## Brief:
Please keep the images out and set down the data exactly as given.

## The data:

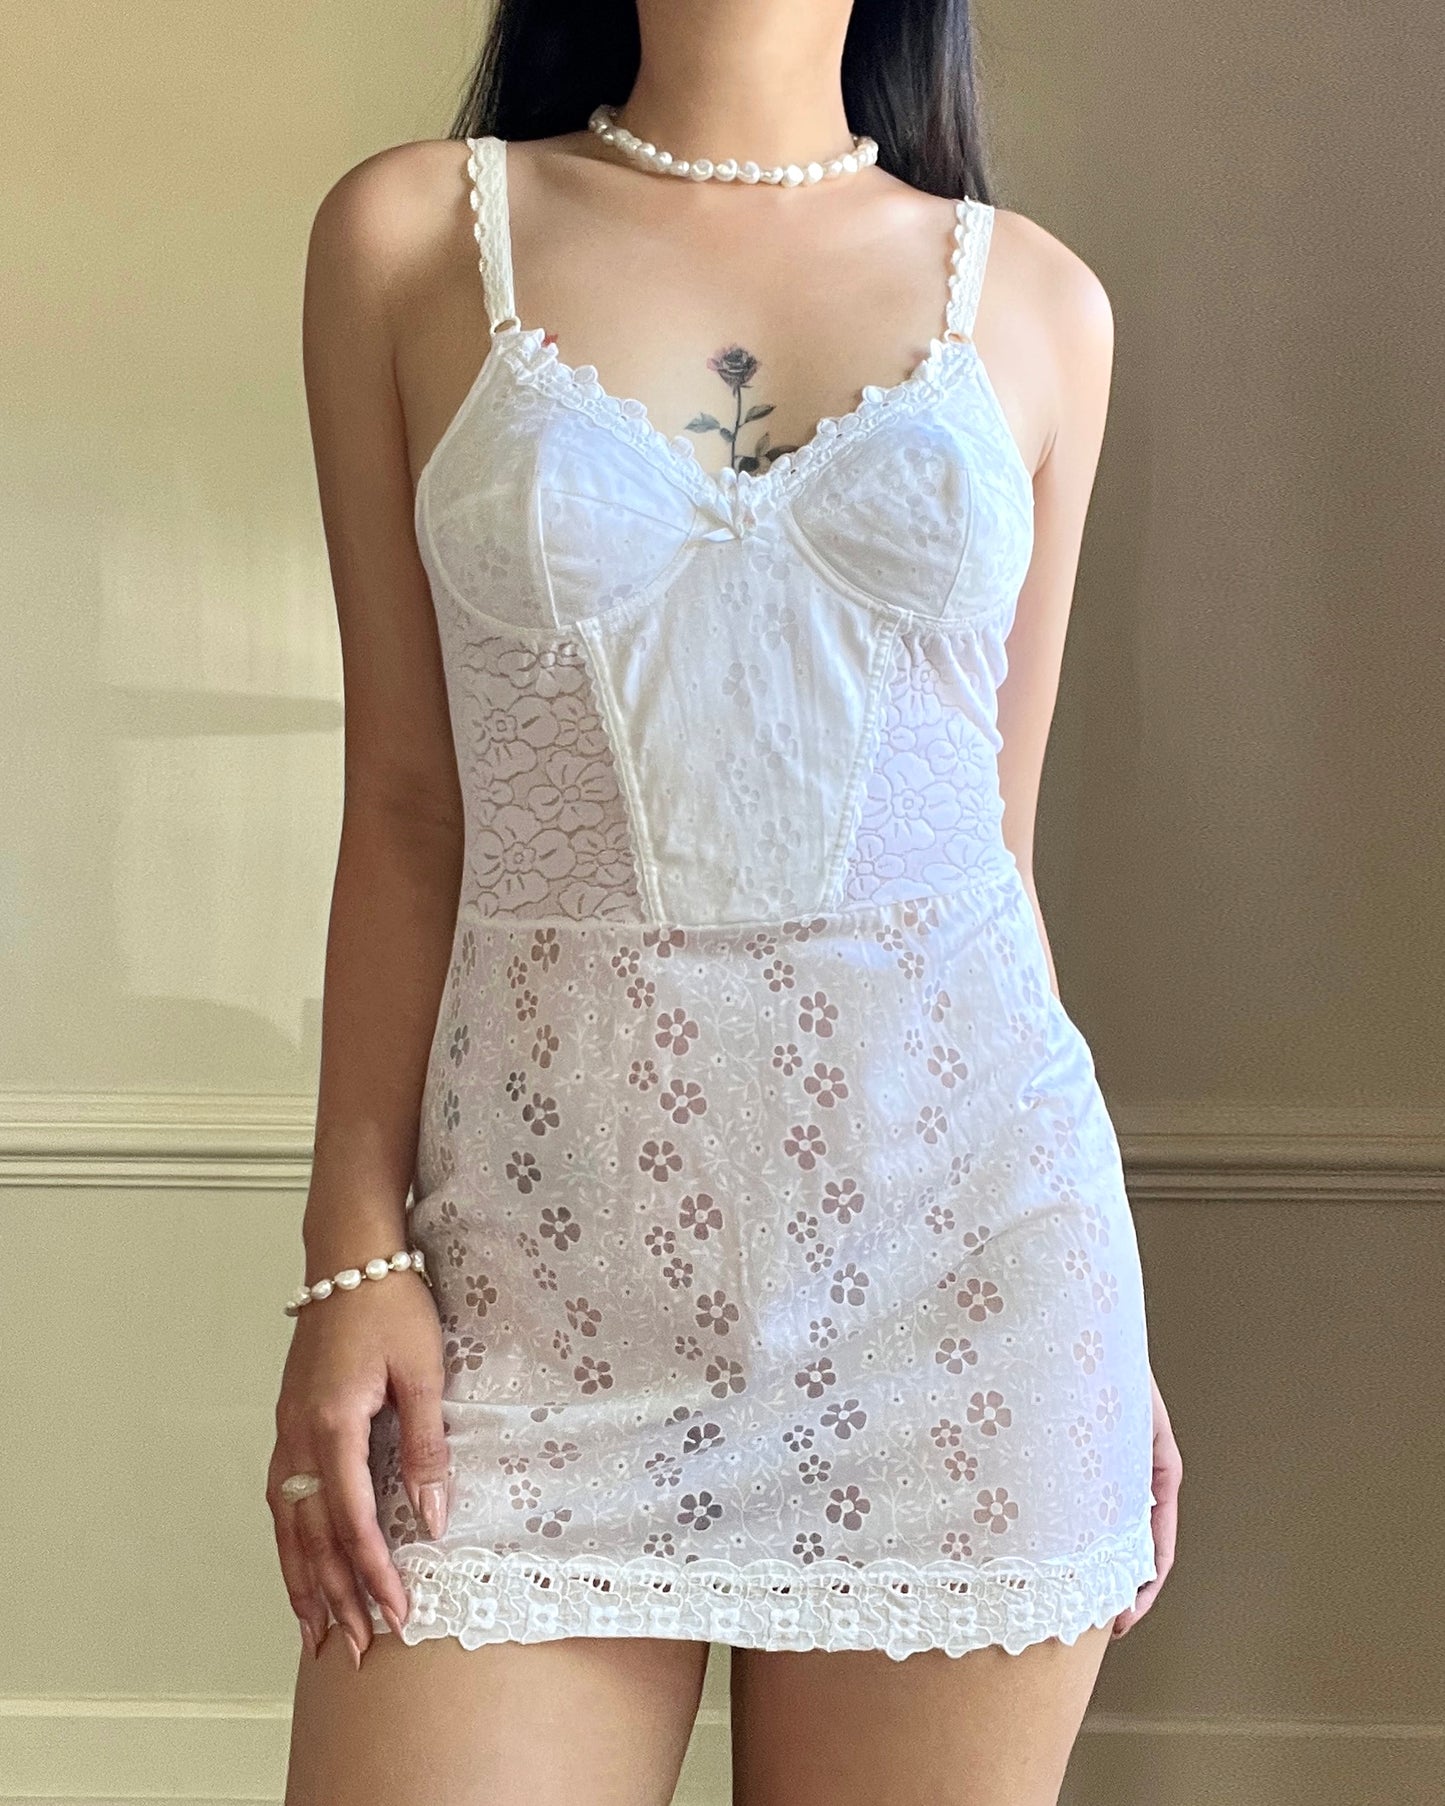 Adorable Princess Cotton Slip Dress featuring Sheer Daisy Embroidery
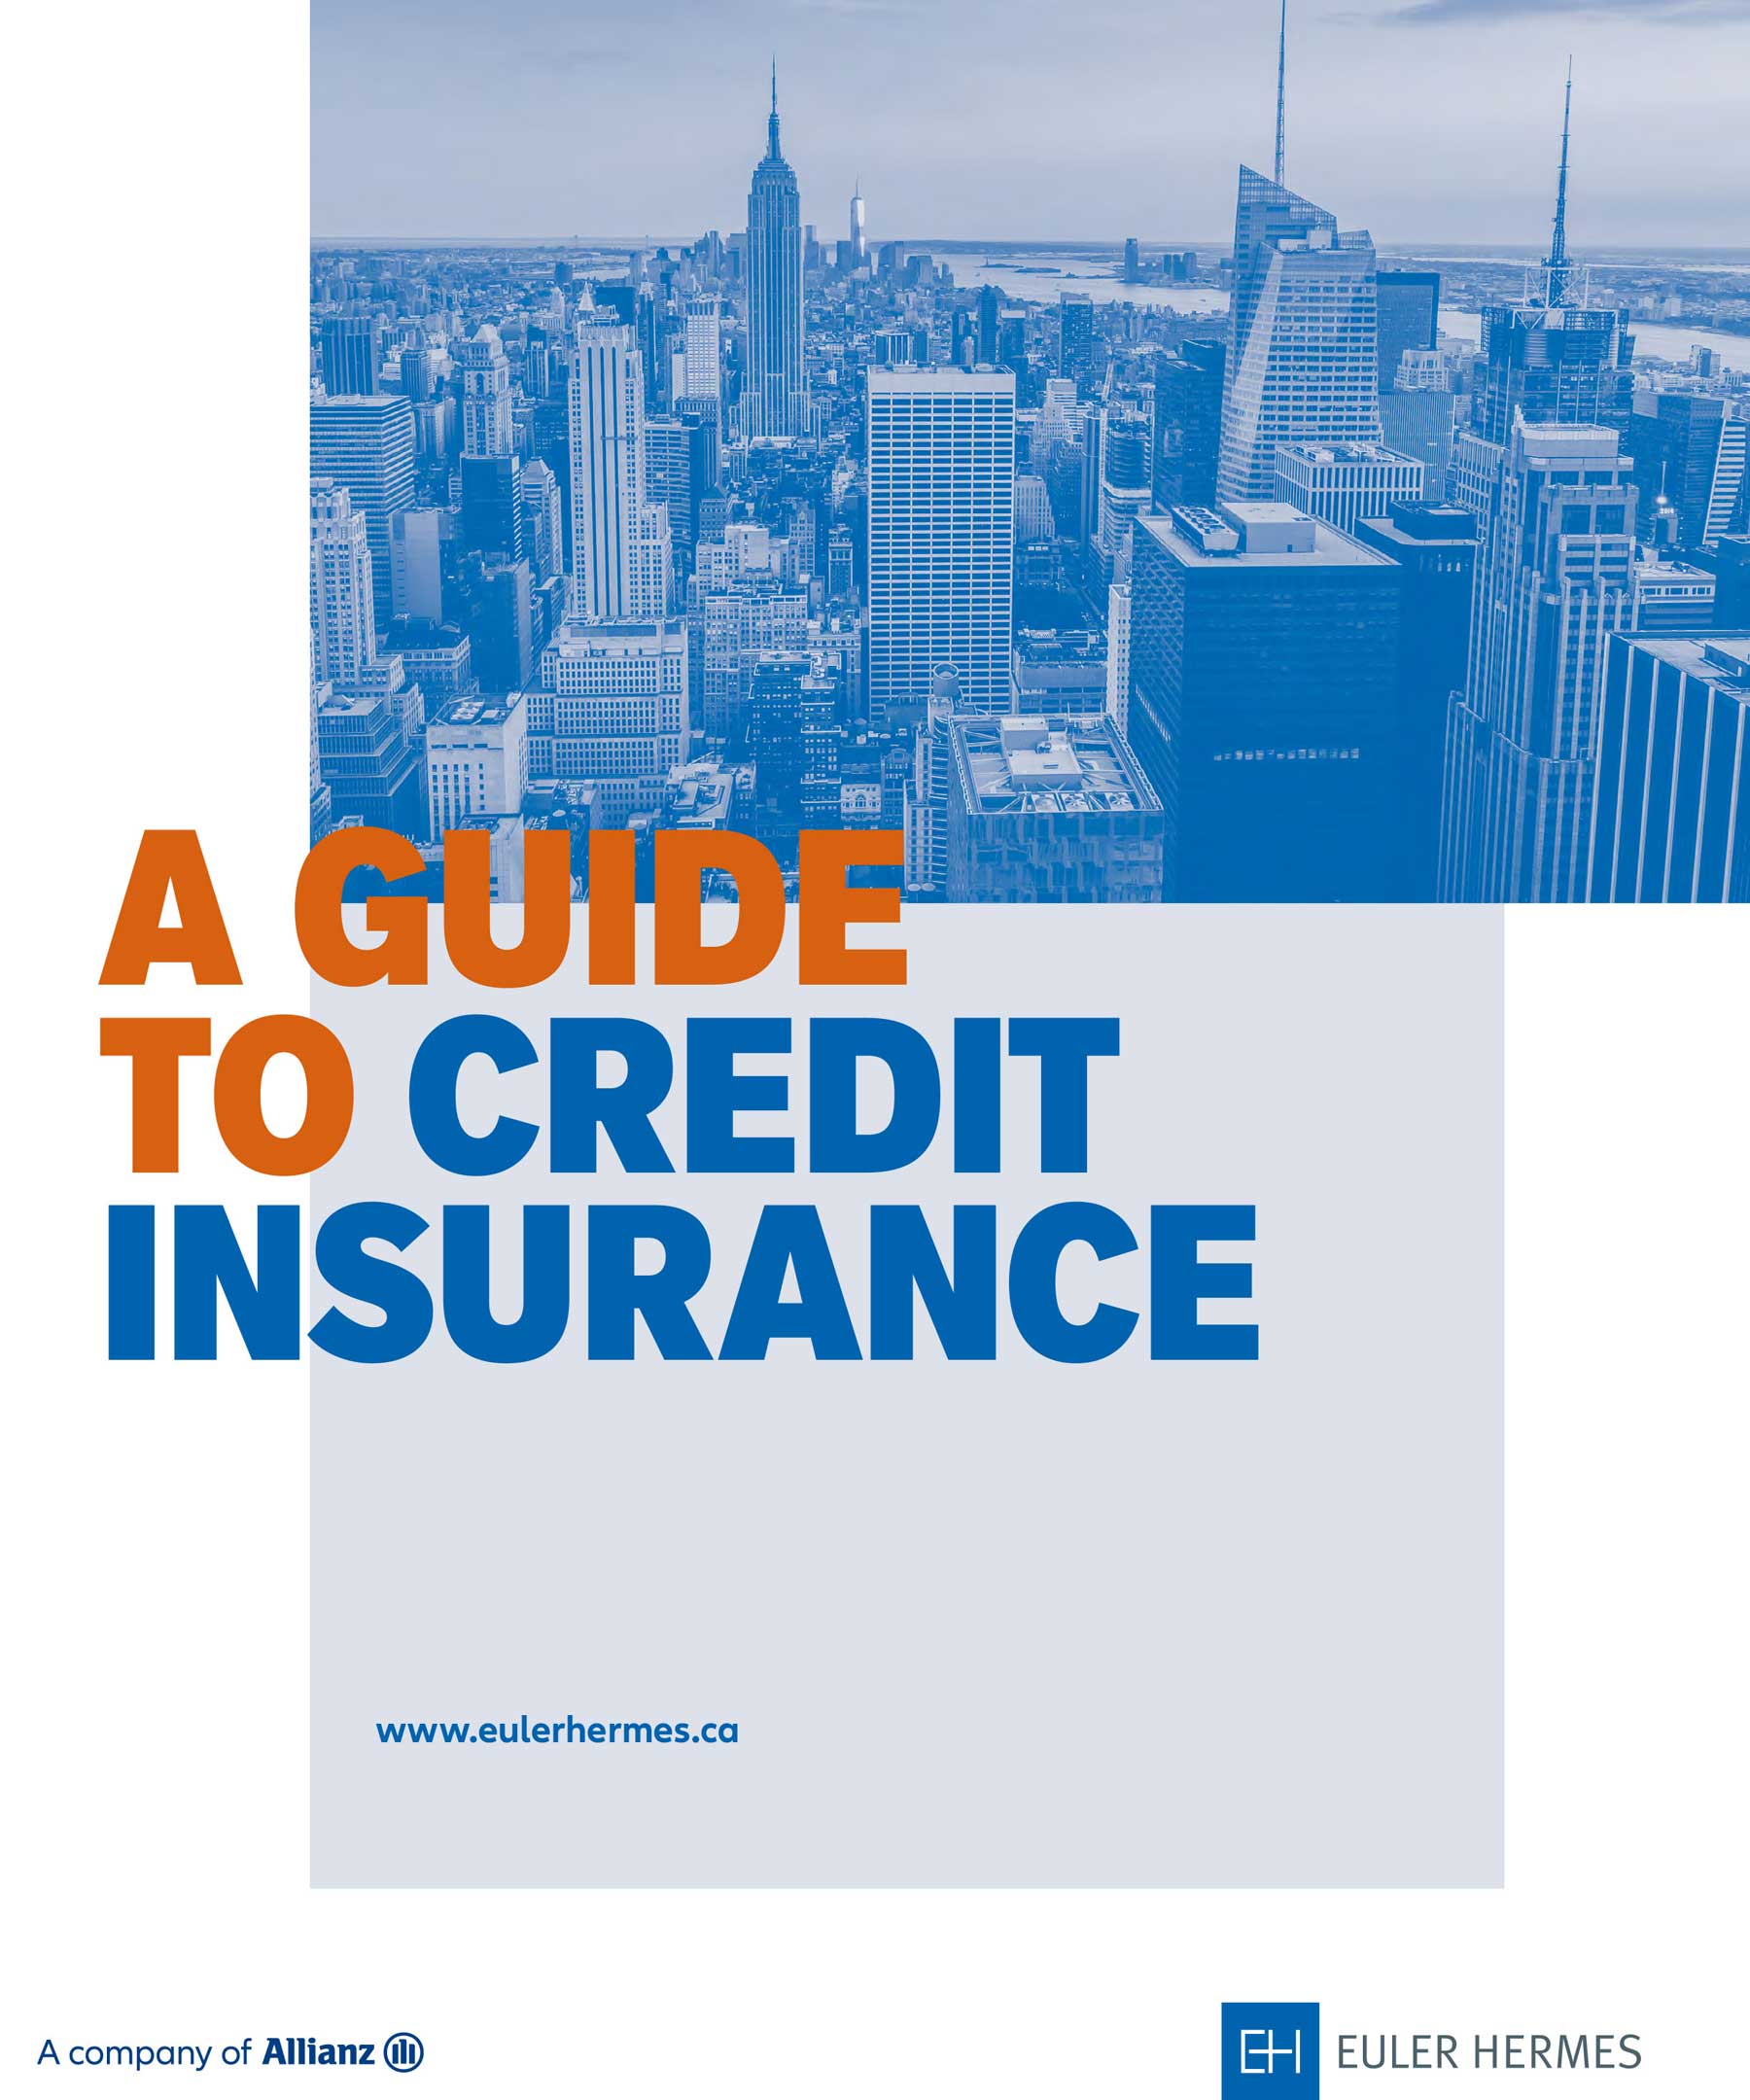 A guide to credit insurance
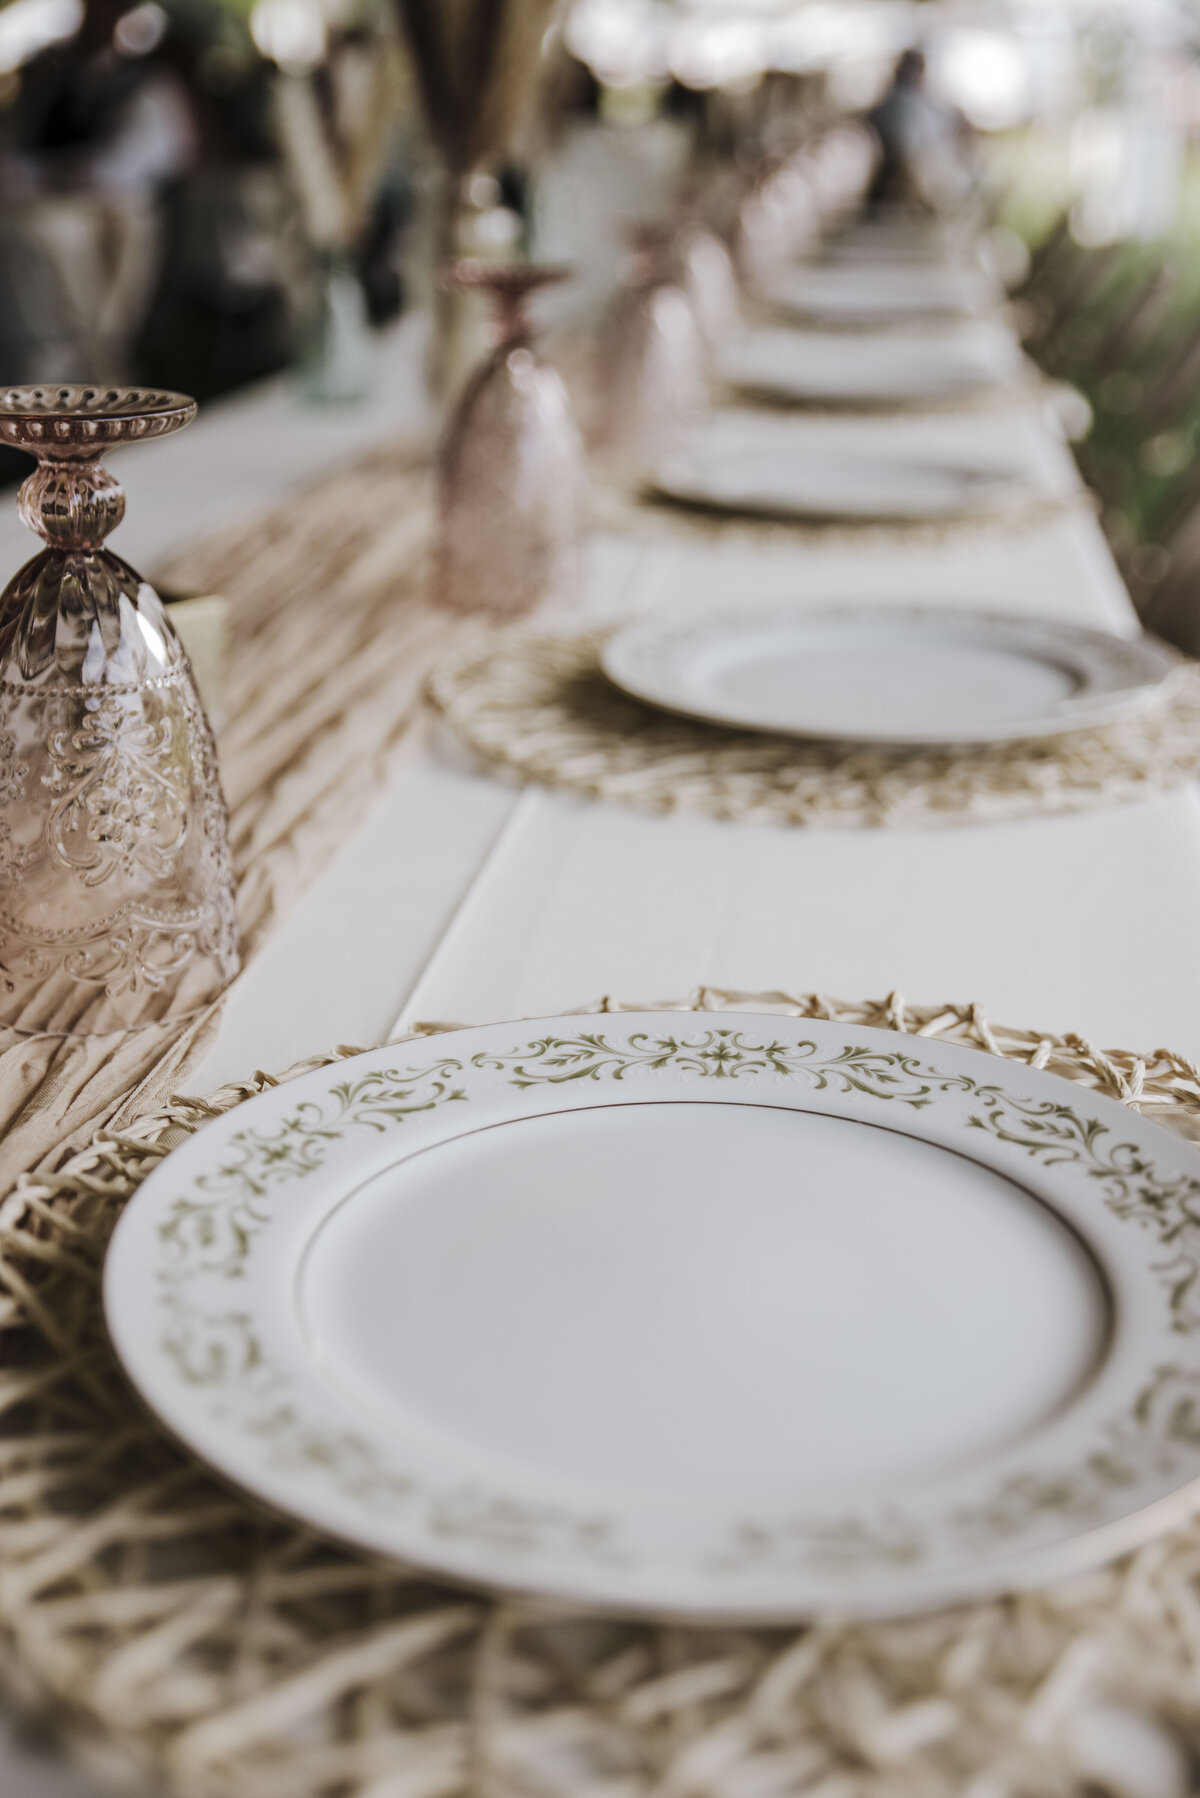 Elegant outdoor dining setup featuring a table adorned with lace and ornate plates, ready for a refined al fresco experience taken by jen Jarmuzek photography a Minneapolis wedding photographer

## Result:
 Adorable Princess Cotton Slip Dress featuring Sheer Daisy Embroidery
 A guide to credit insurance
 Elegant outdoor dining setup featuring a table adorned with lace and ornate plates, ready for a refined al fresco experience taken by jen Jarmuzek photography a Minneapolis wedding photographer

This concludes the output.